Indes soll die Finanz aber aus den unb ezahlten und stritten Forderungen aus dem Belvedere-Auftrag der Signa 2,8 Millionen Euro Umsatzsteuer nachgefordert haben. Doch diese Forderung soll im März 2019 "wiederum amtlich berichtigt" worden sein.

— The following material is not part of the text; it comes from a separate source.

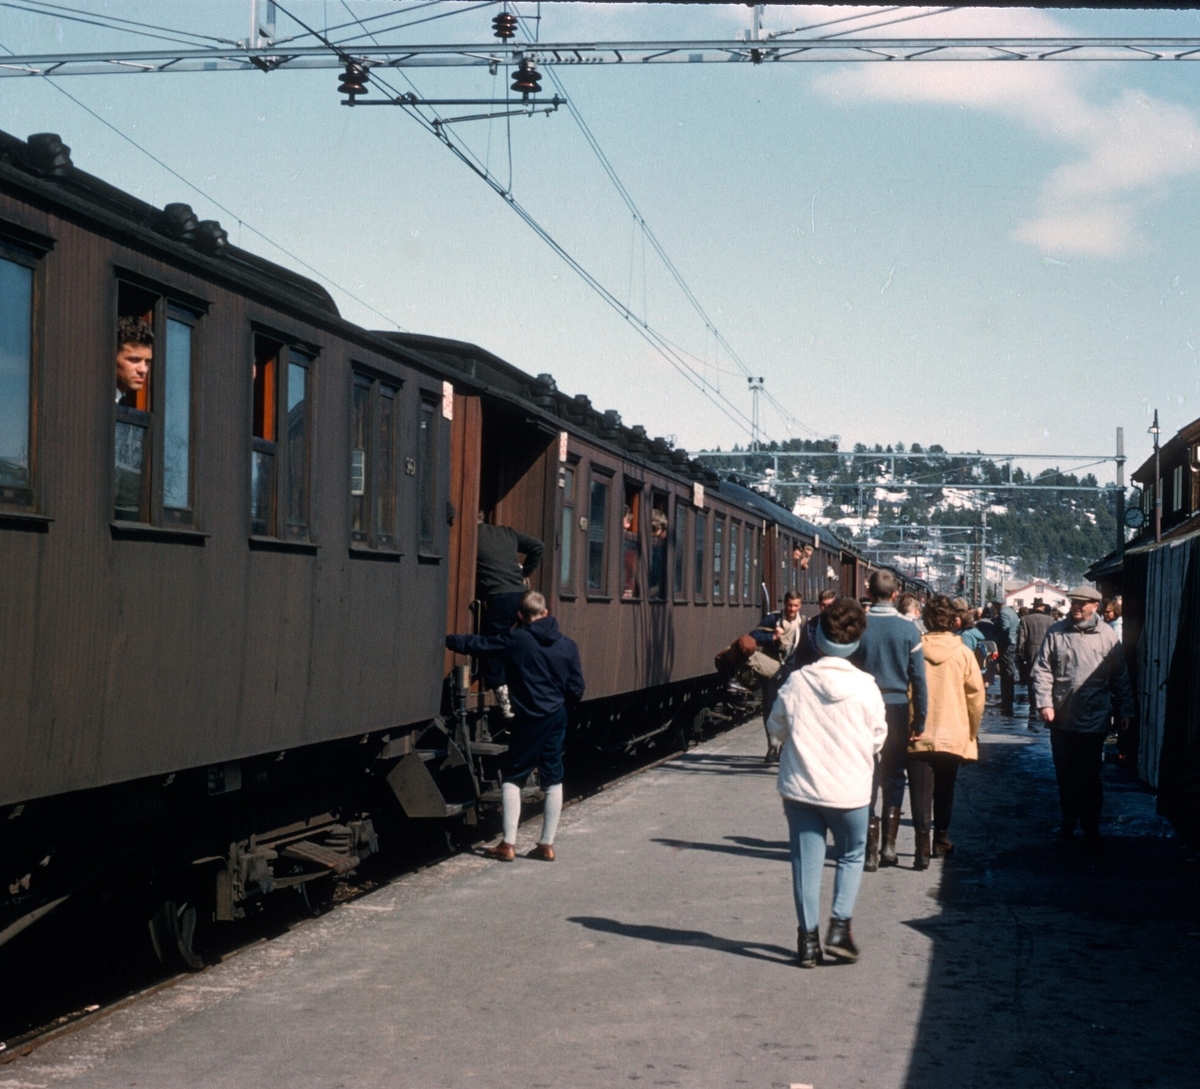 Ekstratog til Bergen tredje påskedag. Strekninga Ål-Ustaoset vart opna for elektrisk drift i desember 1963.
Bildet er tatt av Thorbjørn Pedersen.

"Zudem hat ein Großgläubiger das relative Wiederaufleben der Altforderung nach Nichtbezahlung der dritten Quote geltend gemacht und Außenstände gepfändet, sodass dem Unternehmen notwendige Liquidität entzogen wurde", heißt es weiter.

Schulden und Vermögen

Die Passiva werden jetzt mit 57,525 Millionen Euo beziffert, davon entfallen 37,42 Millionen Euro auf Banken. Die Gläubiger sollen in Höhe von 18 Millionen Euro beziffert sein.

Die Aktiva werden mit rund 32,3 Millionen Euro ausgewiesen. Doch da ist Vorsicht geboten. In diesen Aktiva sind angeblich offene Forderungen in der Höhe von 24,201 Millionen Euro enthalten, wovon über Forderungen in Höhe von rund 22,4 Millionen Euro vor Gericht gestritten wird.

Zum Firmenvermögen zählt auch der Maschinenpark, der mit 863.000 Euro bezifffert wird, die Betriebsliegenschaft mit 4,51 Millionen Euro, das Anlagevermögen in Höhe von 1,456 Millionen Euro und Finanzanlagen in Höhe von 994.000 Euro. Der Kassenstand wird mit 276.000 Euro ausgewiesen.